Embattled German Chancellor Angela Merkel suffered a blow to her authority yesterday as her pick for president needed three voting rounds to win election after a rebellion in her ruling coalition.

Christian Wulff, 51, a conservative Merkel ally who once described himself as no "alpha male," secured 625 votes in a special electoral assembly, enough to become Germany's youngest-ever president.

His election was greeted by huge cheers from Merkel supporters after the longest presidential vote in German history, stretching into around nine hours.

But in what business daily Handelsblatt dubbed a "debacle" and a "first vote of no-confidence" in the weakened Mrs Merkel, Mr Wulff failed to win enough votes in the first two voting rounds despite her coalition's majority.
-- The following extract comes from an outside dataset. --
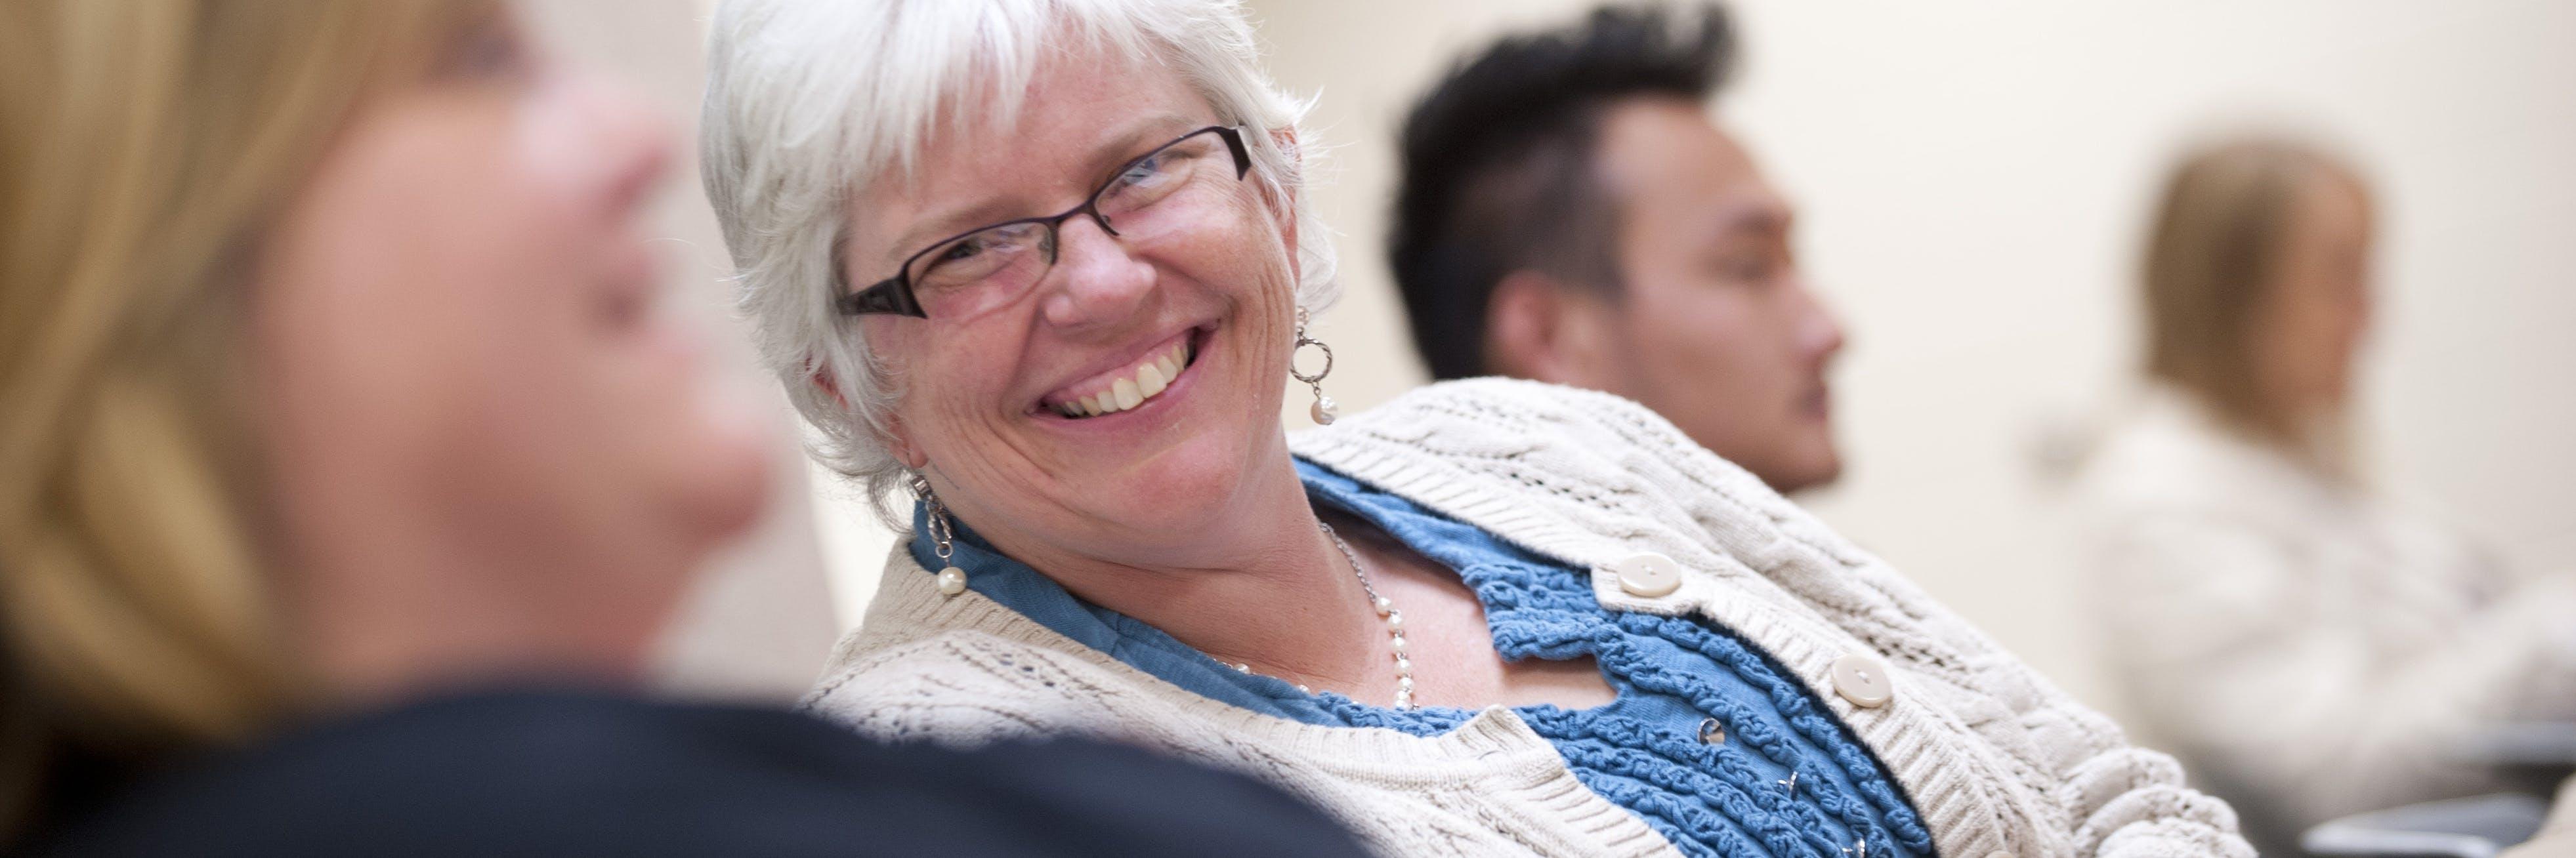 Bethel student smiling at the camera

Bild, the mass-circulation daily, which had billed the election as a "vote of destiny" for the weakened chancellor and her unpopular government, called the result a "sensation" and a "massive slap for the ruling coalition."

Influential weekly Die Zeit called the result a "humiliation" for Mrs Merkel's coalition while Tagesspiegel daily described the vote as a "putsch" against the chancellor during what it termed the "day of the long knives."

Spiegel magazine said on its website it was "Merkel's biggest failure."

After the first two embarrassing voting rounds, the third became a battle for the political future of Mrs Merkel, four times named the world's most powerful woman by Forbes Magazine.

A recent poll in Bild showed 48 per cent of Germans wanted her to throw in the towel if her man had lost the vote, compared to 30 per cent who believed she should soldier on.